Por otra parte, él mismo repetía que su entrada en la política se había producido para tutelar sus propios intereses. Los suyos personales y los de sus empresas. Y es exactamente eso a lo que hemos asistido durante los 20 años en los que ha sido protagonista indiscutido de la escena política italiana. Sus cargos institucionales han coincidido con sus negocios privados. Los mismos jefes de Estado extranjeros que en los pasados años se han mostrado más cercanos a él, no han sido sino sus socios.
Ni una sola ley de su Gobierno para el Estado, ni una sola ley que, en todos estos años, haya proporcionado a la economía los instrumentos necesarios para enfrentar la crisis que asomaba por el horizonte. Ninguna ley para Italia, solo leyes para él. Y no porque le faltasen los números en el Parlamento. Ha gozado, y durante mucho tiempo, de una mayoría increíblemente fuerte que le habría permitido realizar las reformas que habían hecho de él —al día siguiente del terremoto judicial que había destruido a los viejos partidos italianos en los años noventa— el hombre nuevo, el viento nuevo, el campeón del reformismo liberal que él contraponía al estancamiento de las izquierdas incapaces de transformarse. No a la reforma de la justicia, no a la de las pensiones, nulas perspectivas para las nuevas generaciones víctimas de una nefasta desregulación del mercado de trabajo que ha traído consigo una precarización encaminada únicamente a favorecer a las empresas que explotan a los trabajadores.

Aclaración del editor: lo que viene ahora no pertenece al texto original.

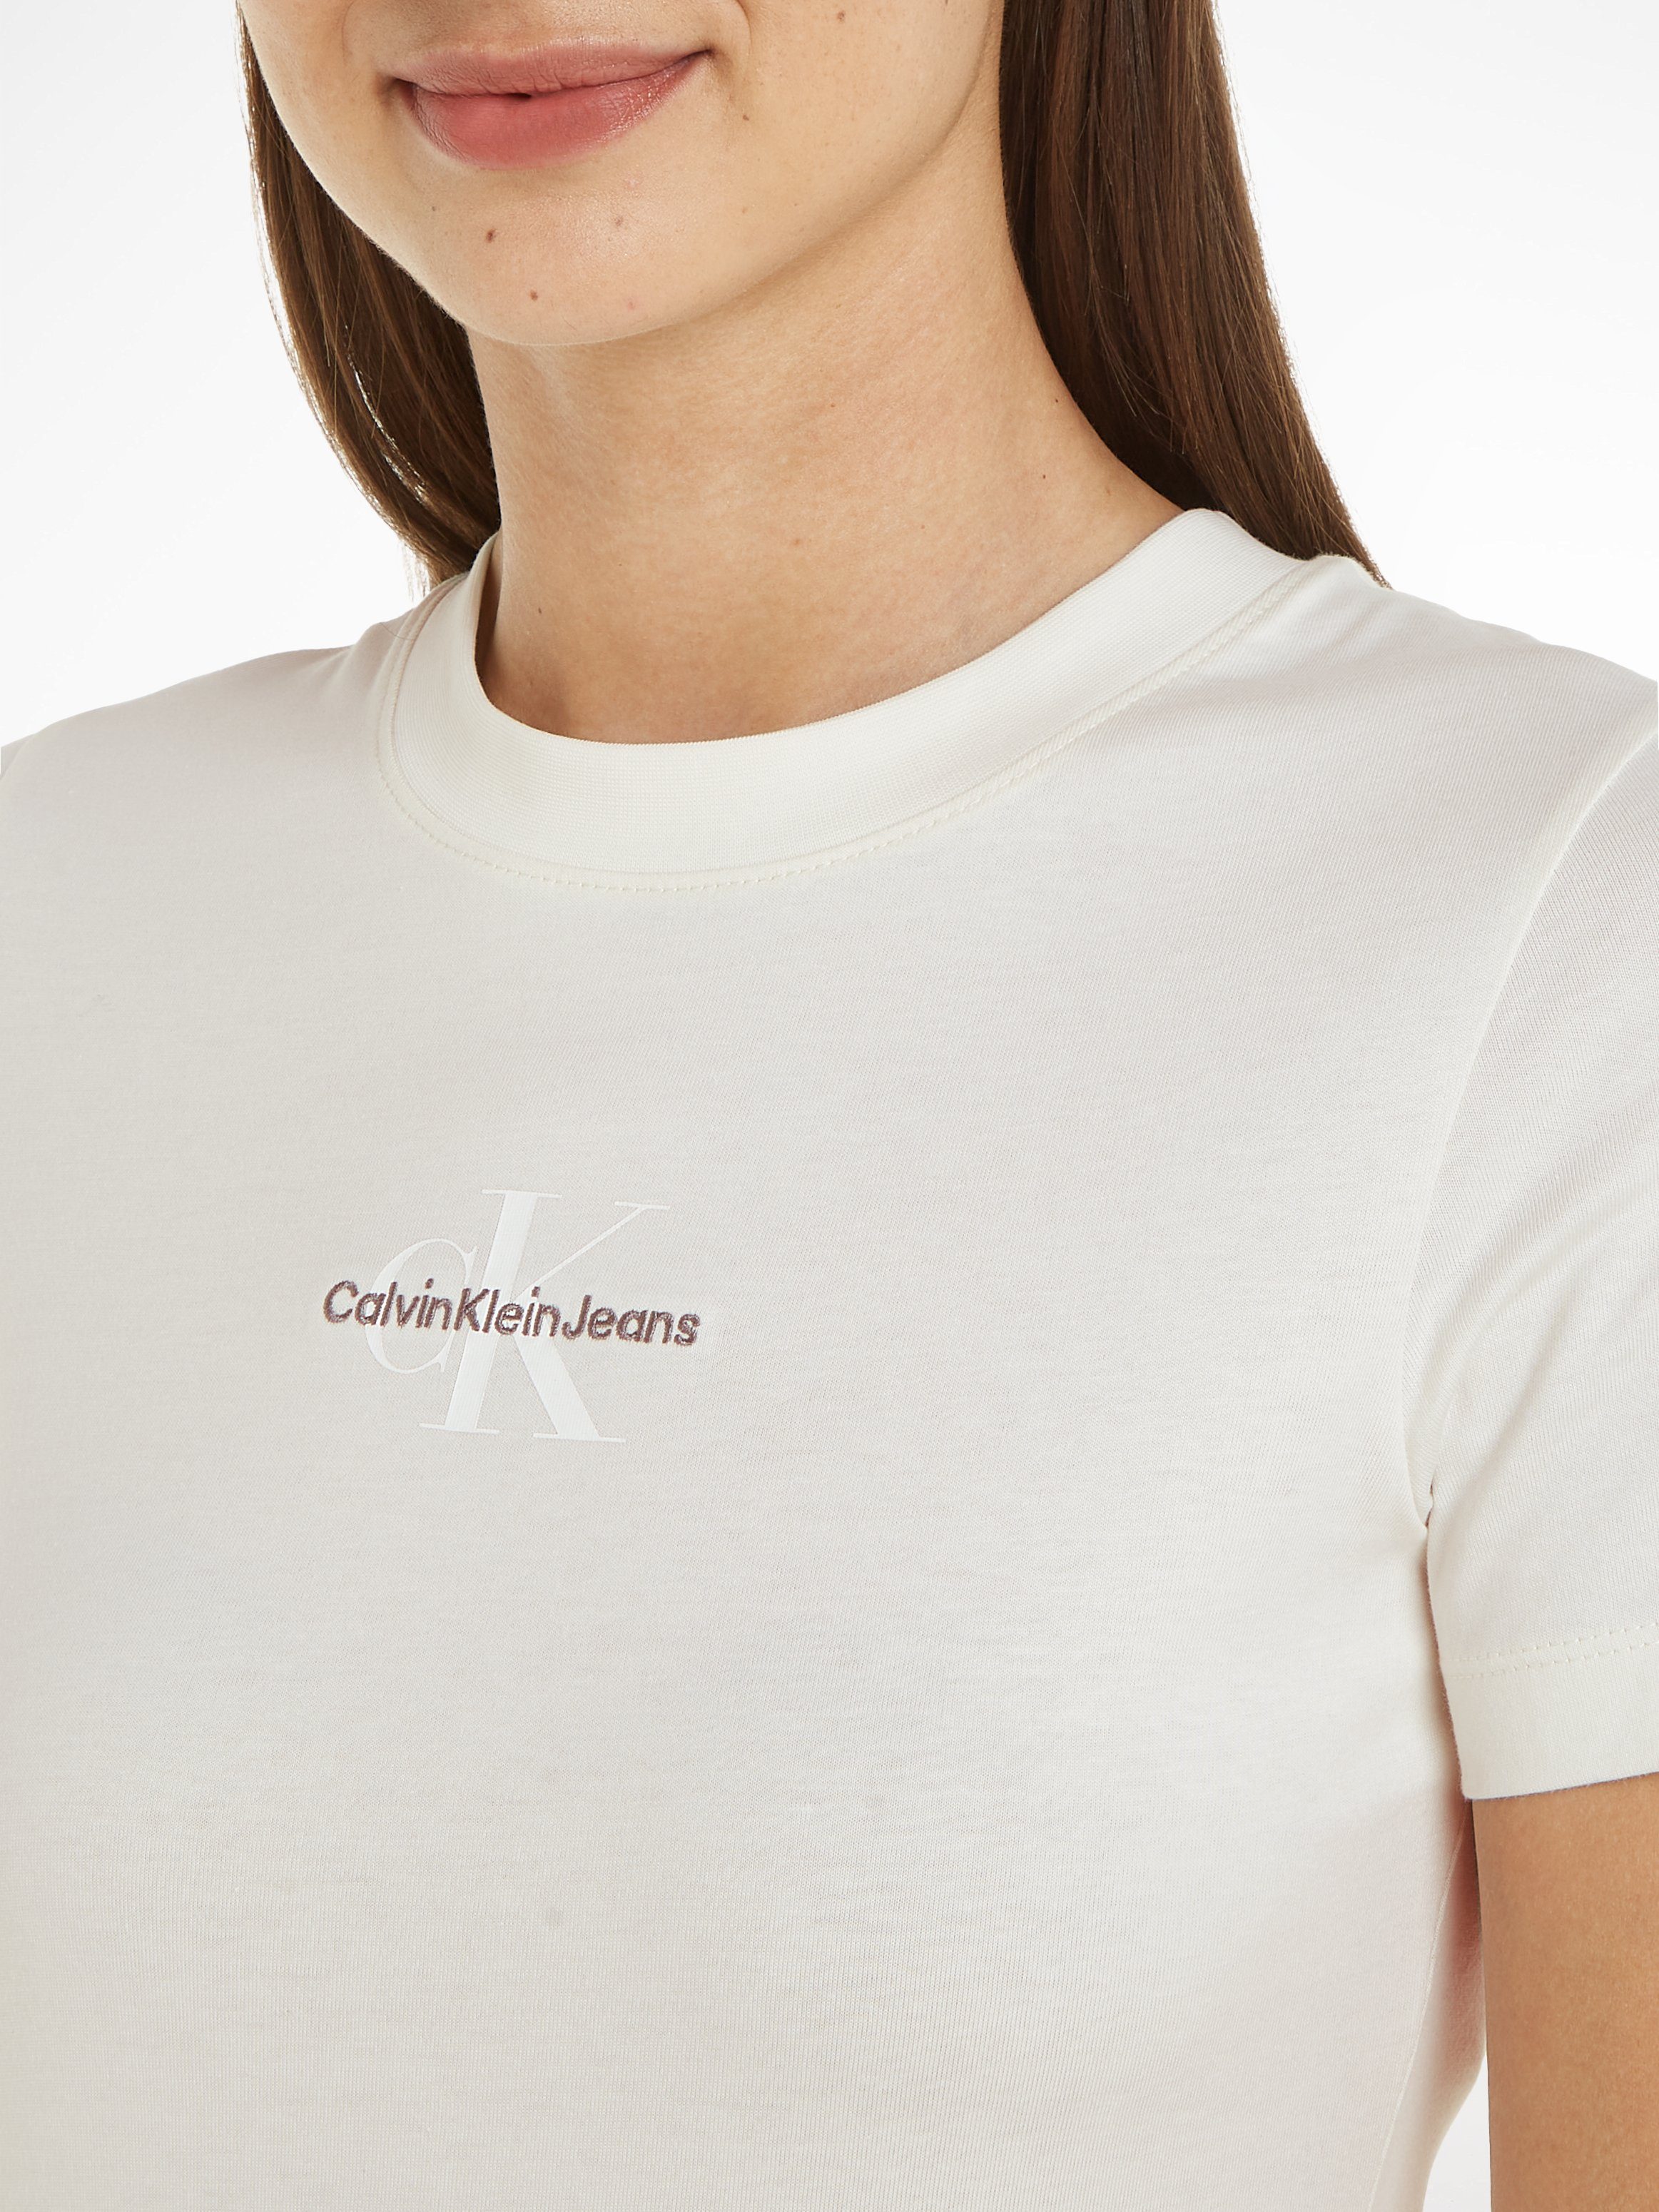 TEE Calvin Klein ecru FIT MONOLOGO SLIM mit Jeans T-Shirt Logodruck

En Italia, el sector público está en la ruina, la sanidad no tiene unos estándares dignos de Europa, la escuela, la Universidad y la investigación renquean. Durante años el Parlamento se ha dedicado a discutir, enmendar y votar leyes ad personam y leyes que hemos denominado ad aziendam.
De algunas se interpreta el sentido con su simple nombre. Otras llevan el nombre de los fidelísimos a Berlusconi. Otras incluso le favorecen a él y a sus empresas indirectamente; otras han servido de manera demasiado evidente para legitimar, salvar, proteger del colapso a las empresas del primer ministro« las ha habido para listas electorales presentadas fuera de plazo o, todavía más a menudo, para obstaculizar los procesos en los que el primer ministro estaba y está imputado. En 2001, el Gobierno italiano fue el único en Europa que no firmó para combatir los delitos financieros.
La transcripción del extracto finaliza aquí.